R.K. June 22, 2019 at 5:11 pm

Tobacco industry lawsuits and the ones happening now against opiate producers could be precedents that make the risk more credible.

anon June 23, 2019 at 4:51 pm

This could be brought up in relation to the Saudi Aramco IPO. Say people are buying some of their liability along with the stock.

Anon June 23, 2019 at 4:52 pm

Potential investors could ask what assets Aramco is setting aside for future climate change liabilities. No matter what answer they give the point about the risk is raised.

. June 30, 2019 at 4:29 pm

City of Vancouver votes to demand fossil fuel companies cover climate change costs

Vancouver city council has voted in favour of demanding fossil fuel companies pay their share of costs related to the impacts of climate change.

The motion, which passed 7-4, points to a B.C. government report that projects the City of Vancouver will have to spend $1 billion this century to mitigate rising sea levels.

. July 3, 2019 at 6:34 pm

Moody’s Analytics says climate change could cost $69 trillion by 2100

The consulting firm Moody’s Analytics says climate change could inflict $69 trillion in damage on the global economy by the year 2100, assuming that warming hits the two-degree Celsius threshold widely seen as the limit to stem its most dire effects.

Moody’s says in a new climate change report that warming of 1.5 degrees Celsius, or 2.7 degrees Fahrenheit, increasingly seen by scientists as a climate-stabilizing limit, would still cause $54 trillion in damages by the end of the century.

The firm warns that passing the two-degree threshold “could hit tipping points for even larger and irreversible warming feedback loops such as permanent summer ice melt in the Arctic Ocean.”

The new report predicts that rising temperatures will “universally hurt worker health and productivity” and that more frequent extreme weather events “will increasingly disrupt and damage critical infrastructure and property.”

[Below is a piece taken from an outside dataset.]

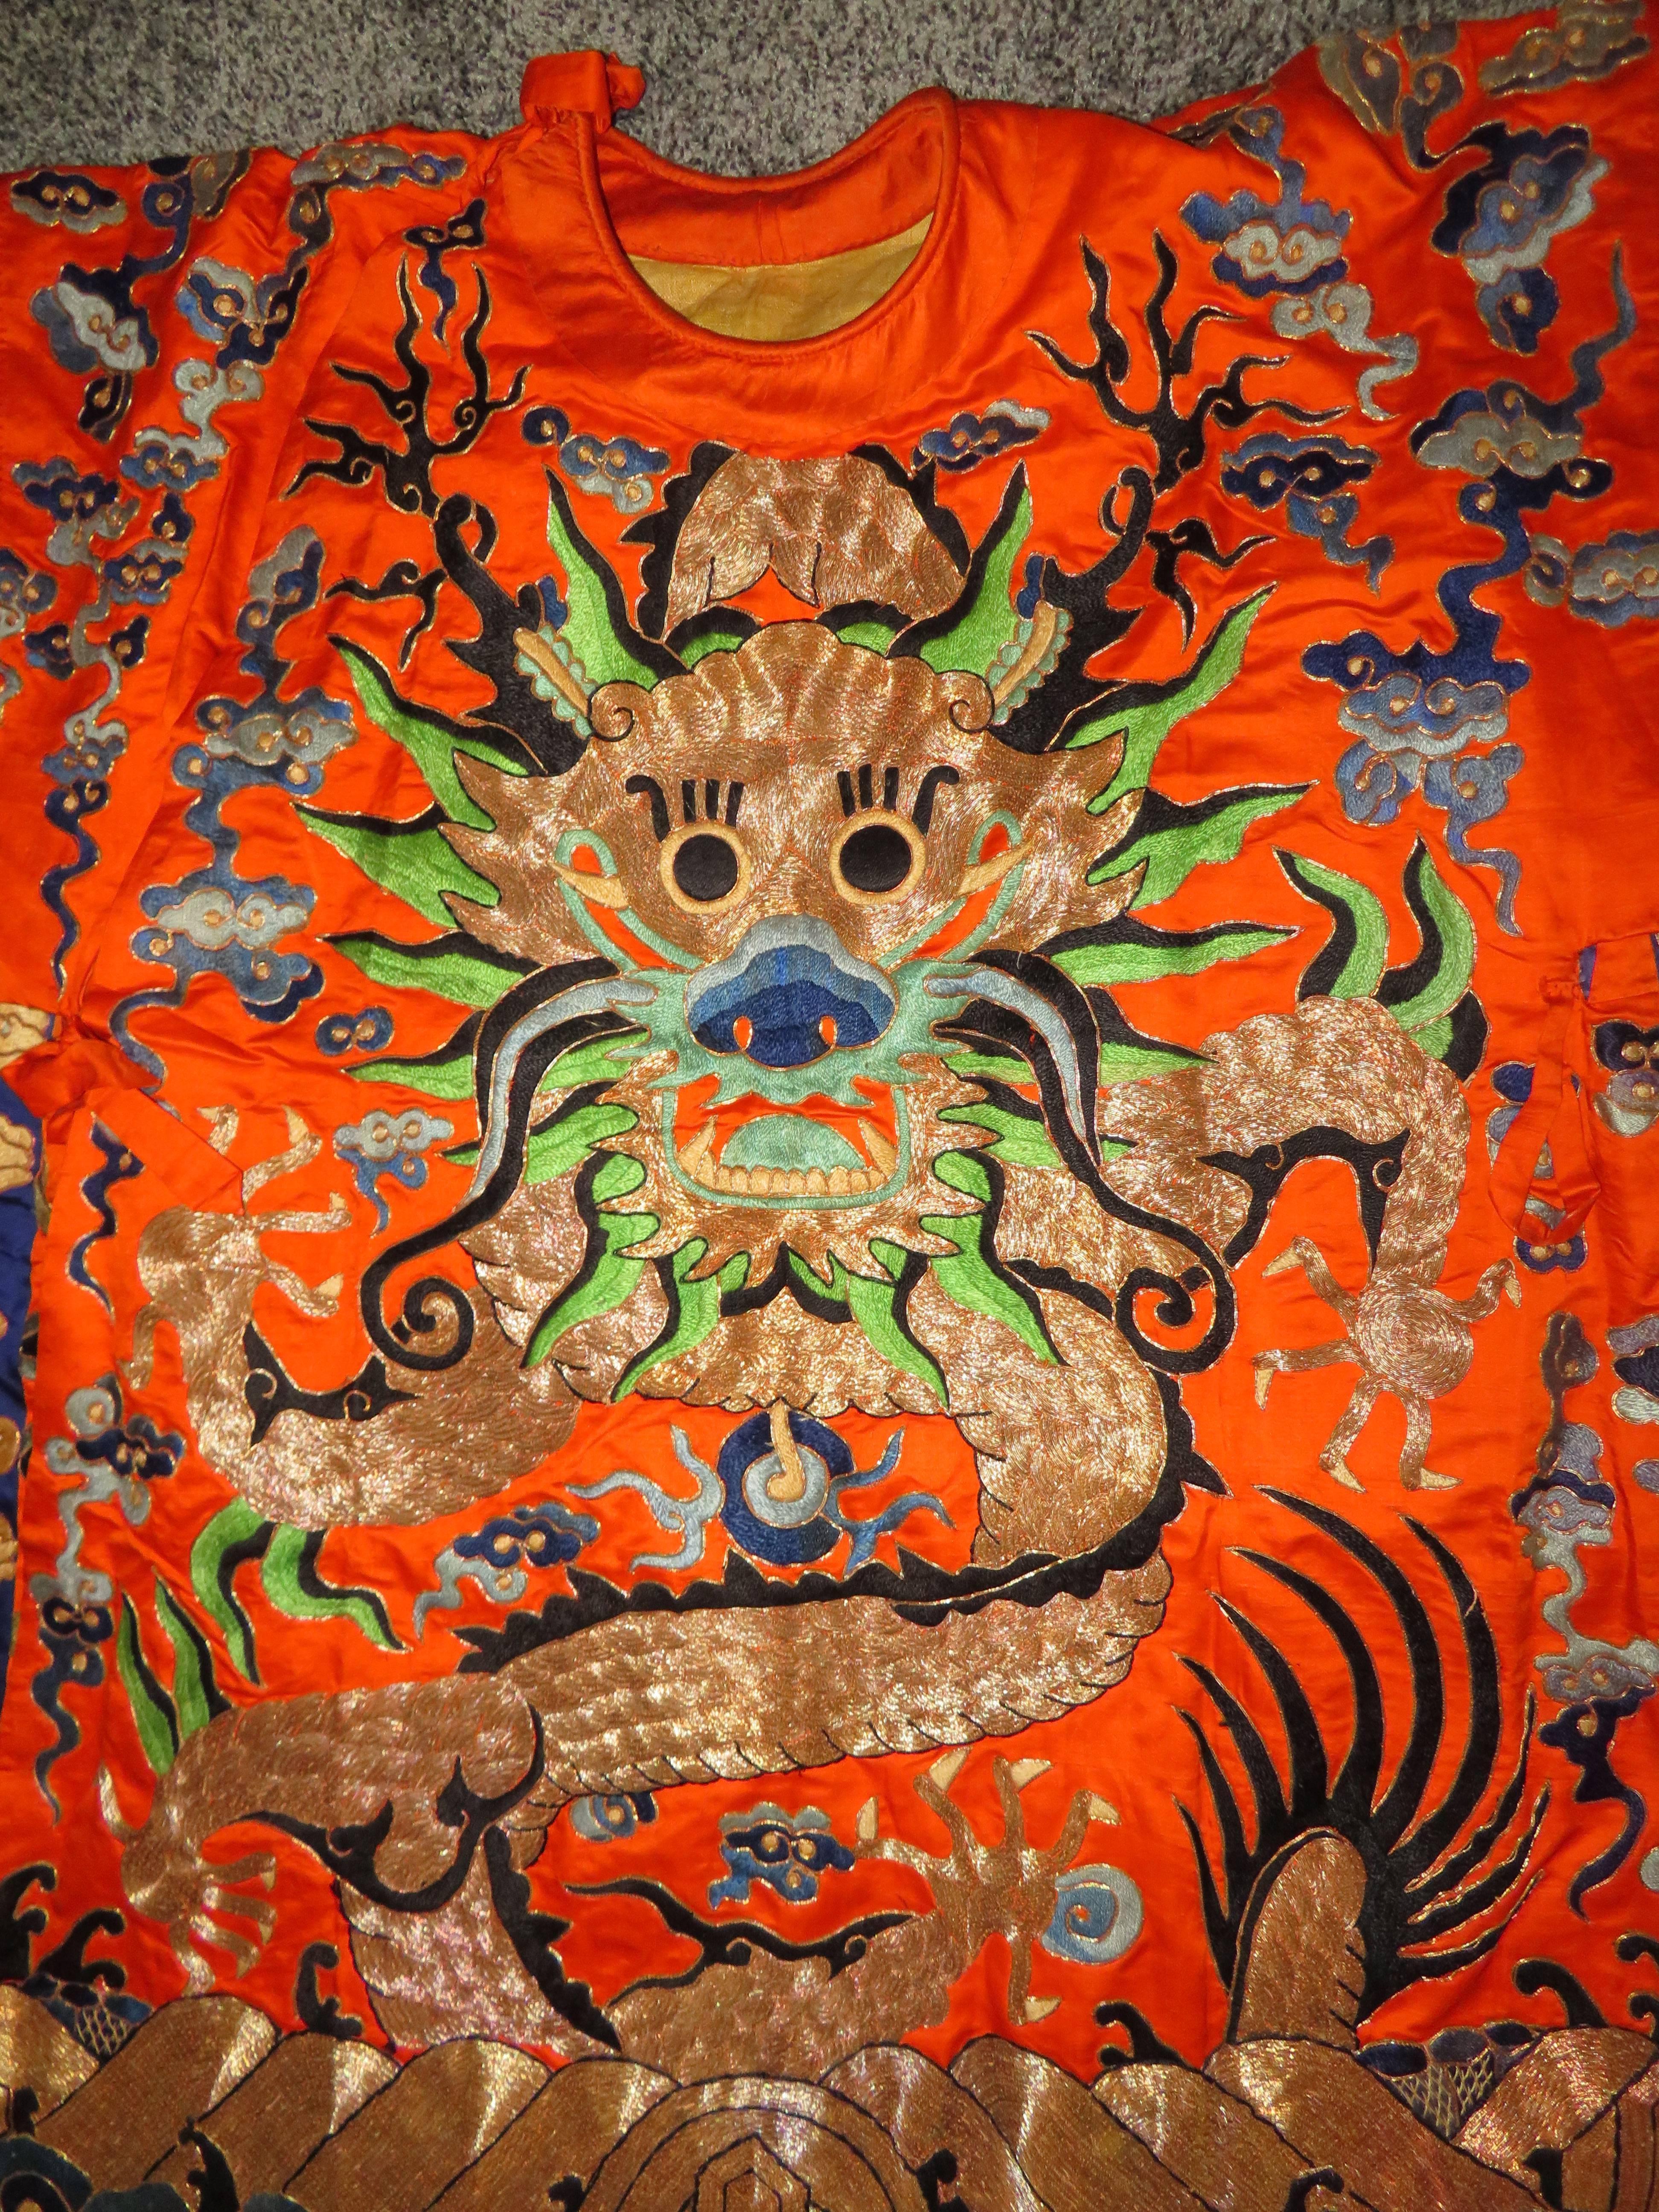 Stunning Chinese gold thread embroidered dragon ceremonial kimono robe, circa early 20th century. We just love the animated gold dragon embroidered on both sides along with the Hermes orange silk background.

Moody’s Analytics chief economist Mark Zandi said that the report was “the first stab at trying to quantify what the macroeconomic consequences might be” of climate change, written in response to European commercial banks and central banks.

Climate change, Zandi said, is “not a cliff event. It’s not a shock to the economy. It’s more like a corrosive.” But, he added, it’s one that is “getting weightier with each passing year.”

. July 3, 2019 at 6:34 pm
. October 7, 2019 at 8:01 pm

The final threat looms in the courtroom. It is the hardest of the three to assess. This month pg&e reached an $11bn settlement with insurers seeking compensation from the Californian utility for payouts they made to homeowners and businesses in connection with wildfires. These were sparked by its power lines—and climate change increased their likelihood. Proving a company’s culpability for natural disasters is rarely this uncomplicated. Plaintiffs must show that they have suffered an injury, that the defendant caused it and that the court can redress it (with damages, say). In 2012 a federal court threw out a case brought by residents of Mississippi against 34 big carbon emitters for harm resulting from Hurricane Katrina, which they argued climate change made more destructive.

Still, climate lawsuits against companies are mounting. Last year New York state sued ExxonMobil for deceiving investors about risks to the firm from climate-change regulation (the firm denies this). Better climate science has made establishing causality more credible, if by no means easy. Some American counties have sued a number of oil giants on grounds akin to those of the Mississippi claimants.

In 2017 the fsb issued voluntary guidelines to firms and investors about disclosing such risks. Big asset managers, including BlackRock, back these in principle. But firms are reluctant to be the first to own up to vulnerabilities. They fear, rightly, that the market will punish honesty, not reward it. Until disclosures are made mandatory, companies are likely to prevaricate.